The coronavirus pandemic has exacted a huge psychological toll on doctors, nurses, and emergency medical technicians, say Rachel DiBella and Brooke Huminski, psychotherapists who graduated from the Boston College School of Social Work in 2014.
Healthcare workers who have witnessed scores of patients succumb to COVID-19 have reported increased levels of panic, grief, and irritability. One new study found that a large proportion of healthcare workers in China who have treated coronavirus patients are now suffering from anxiety, depression, and insomnia.
Lorna Breen, a doctor who directed the emergency department at NewYork-Presbyterian Allen Hospital in Manhattan, compared the relentless horror of the pandemic to “Armageddon” and then committed suicide. Although the cause of her suicide remains unknown, her death has shined a light on the mental health of medical professionals who have worked on the frontlines of the pandemic, said Huminski, who runs a private practice in Rhode Island where she specializes in anxiety, depression, and eating disorders.
“Healthcare workers are struggling and dealing with death on a daily basis,” she said. “Many don’t feel like they have anyone to talk to or anyone who understands them.”
To address this problem, Huminski and DiBella teamed up to create a virtual workshop to teach a group of 30 social workers the principles of cognitive processing therapy, a form of psychotherapy that focuses on helping people modify unhelpful patterns of thinking created by trauma.
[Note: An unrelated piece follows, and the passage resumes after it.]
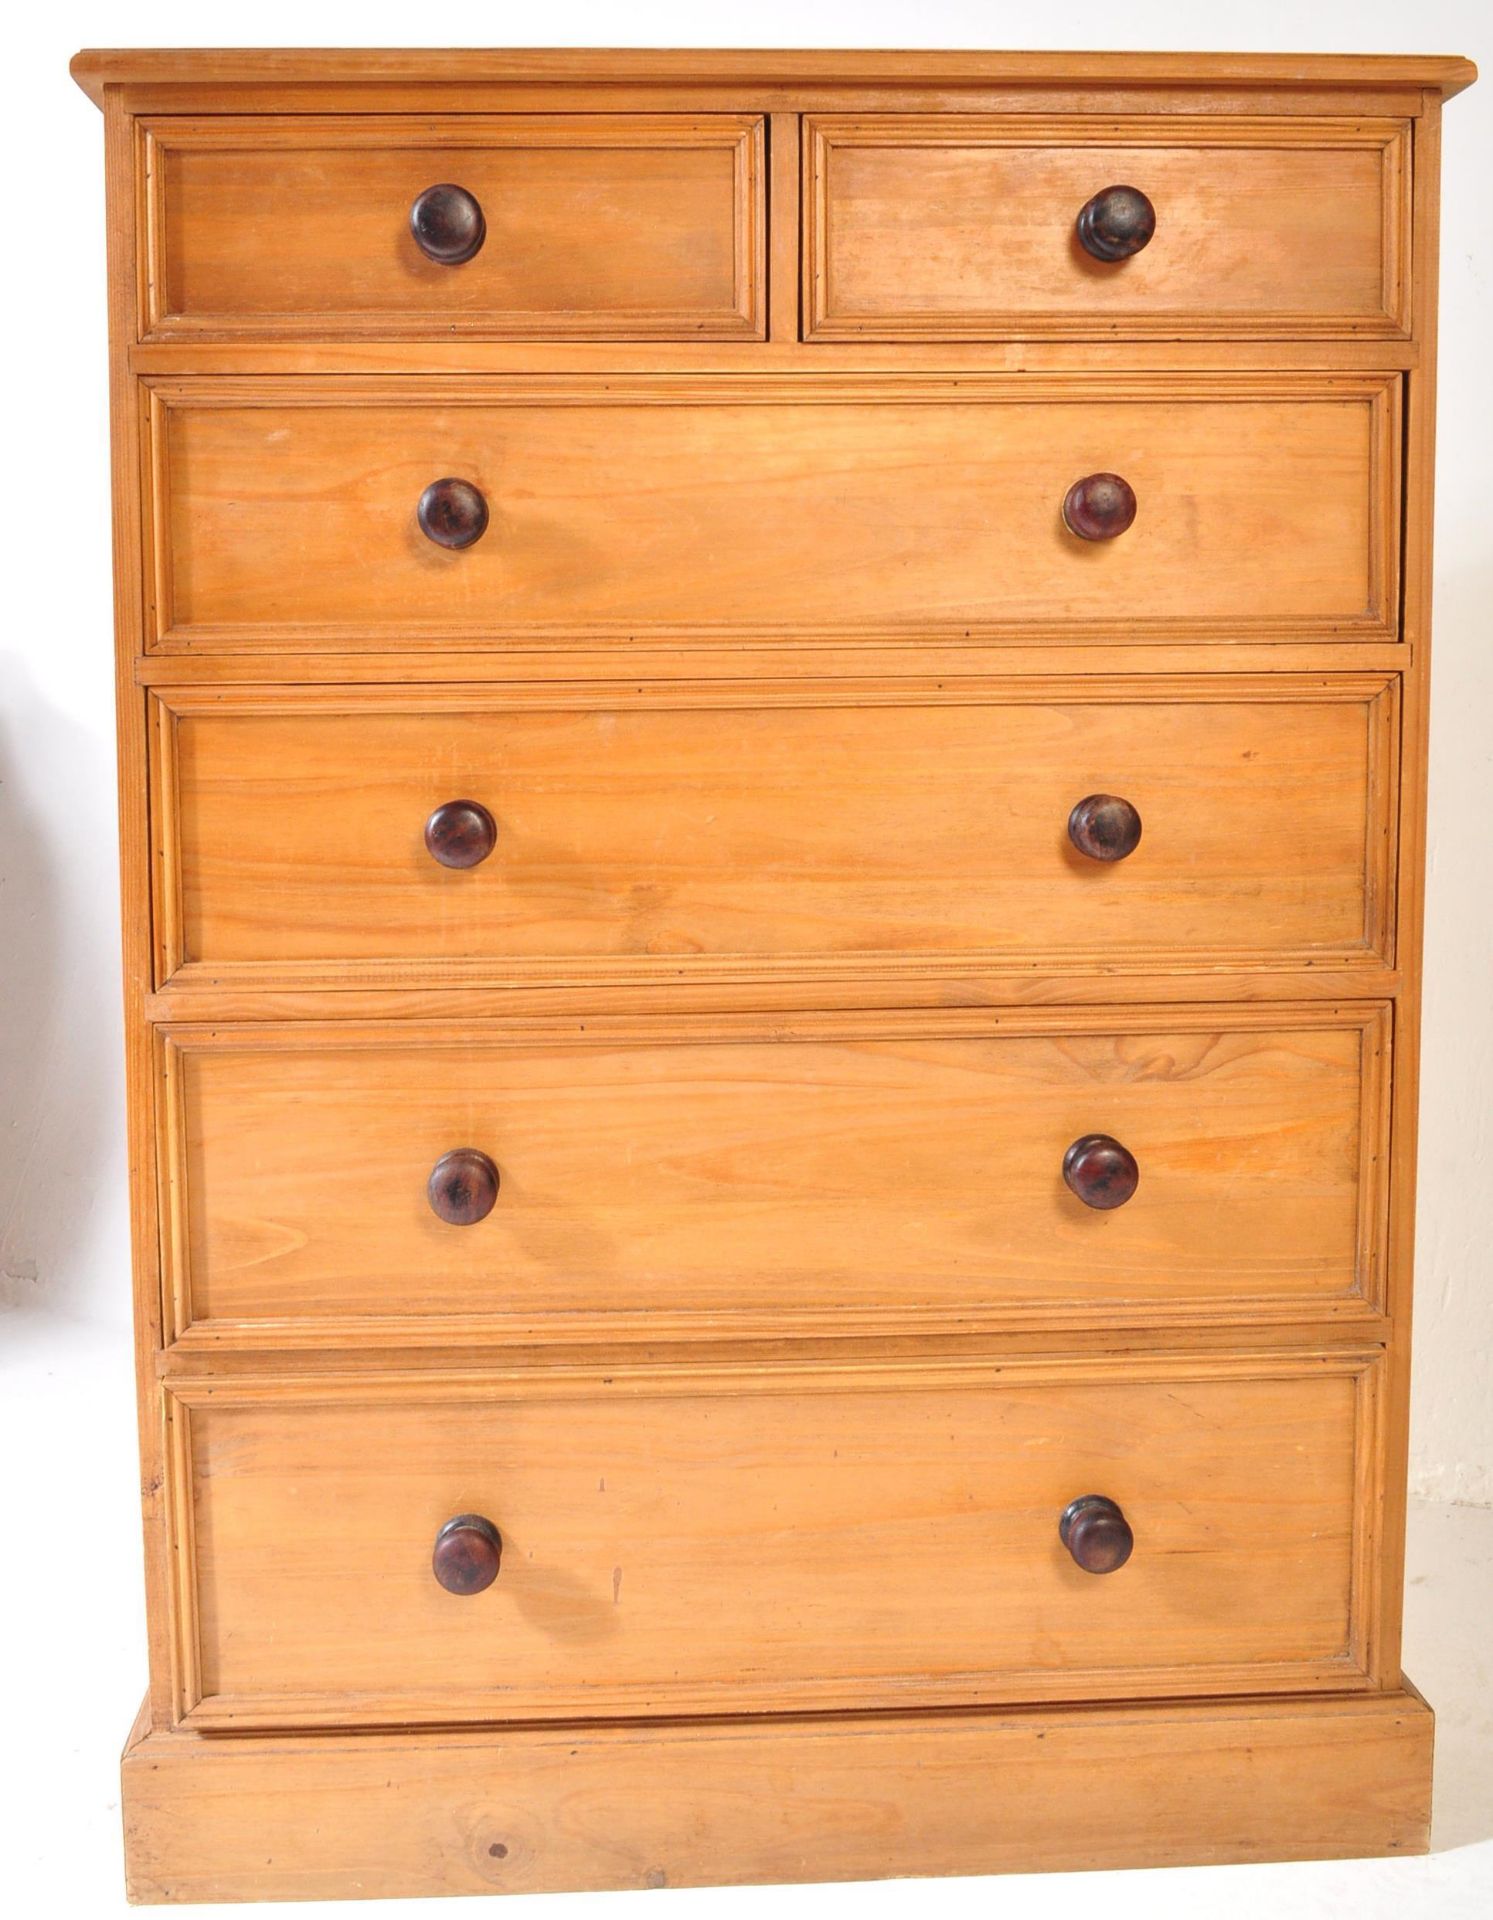 CONTEMPORARY PINE CHEST OF DRAWERS - Image 3 of 6

Social workers can use the strategy, they say, to help treat healthcare professionals who have developed post-traumatic stress disorder as a result of the pandemic.
“The function of this group was to be part academic study, and part experiential,” said DiBella, a part-time faculty member in the School of Social Work who specializes in group therapy and sexual trauma. “This was not a treatment group, but rather a group for those eager to develop new strategies to support clients in a trauma-informed community.”
The workshop spanned 10 hourlong sessions and covered the entirety of Cognitive Processing Therapy for PTSD, a training manual written by the therapists who created the treatment. One lesson centered on the strategies that social workers can use to help their clients dismantle the notion that they will never be safe, which, DiBella says, is a commonly held belief among people who suffer from PTSD.
“People living with the neurological and physiological effects of PTSD tend to think of safety in all or nothing terms,” she said. “Safety becomes a binary concept where things are either safe or not safe and that limits how we live our lives.”
Huminski and DiBella surveyed the social workers who participated in the workshop and discovered that 100 percent of respondents would be “extremely or somewhat likely” to use cognitive processing therapy in their practice.
“I intend to use CPT, and I think it will feel more comfortable as I go through it,” one participant said. “I believe this has given me the solid foundation that I need.”
Karen Chinca, a psychotherapist who runs a private practice in Brookline, Massachusetts, said that she has already used the treatment protocol to help two clients process trauma caused by sexual assault.
“They have really shifted some of their thinking and beliefs they hold around feeling responsible for their trauma,” said Chinca, who graduated from the School of Social Work in 2004. “I used CPT to help them recognize that they couldn’t have done anything differently and weren’t responsible for what happened to them.”
Chinca said that now—as deaths caused by the coronavirus surpass 120,000 in the United States and calls for racial justice reach a fever pitch—is the perfect time for social workers to learn the ins and outs of cognitive processing therapy. “A lot of frontline healthcare workers are experiencing trauma, and many of my Black clients and clients of color are experiencing systemic racism,” she said. “Now more than ever is the time to learn this protocol.”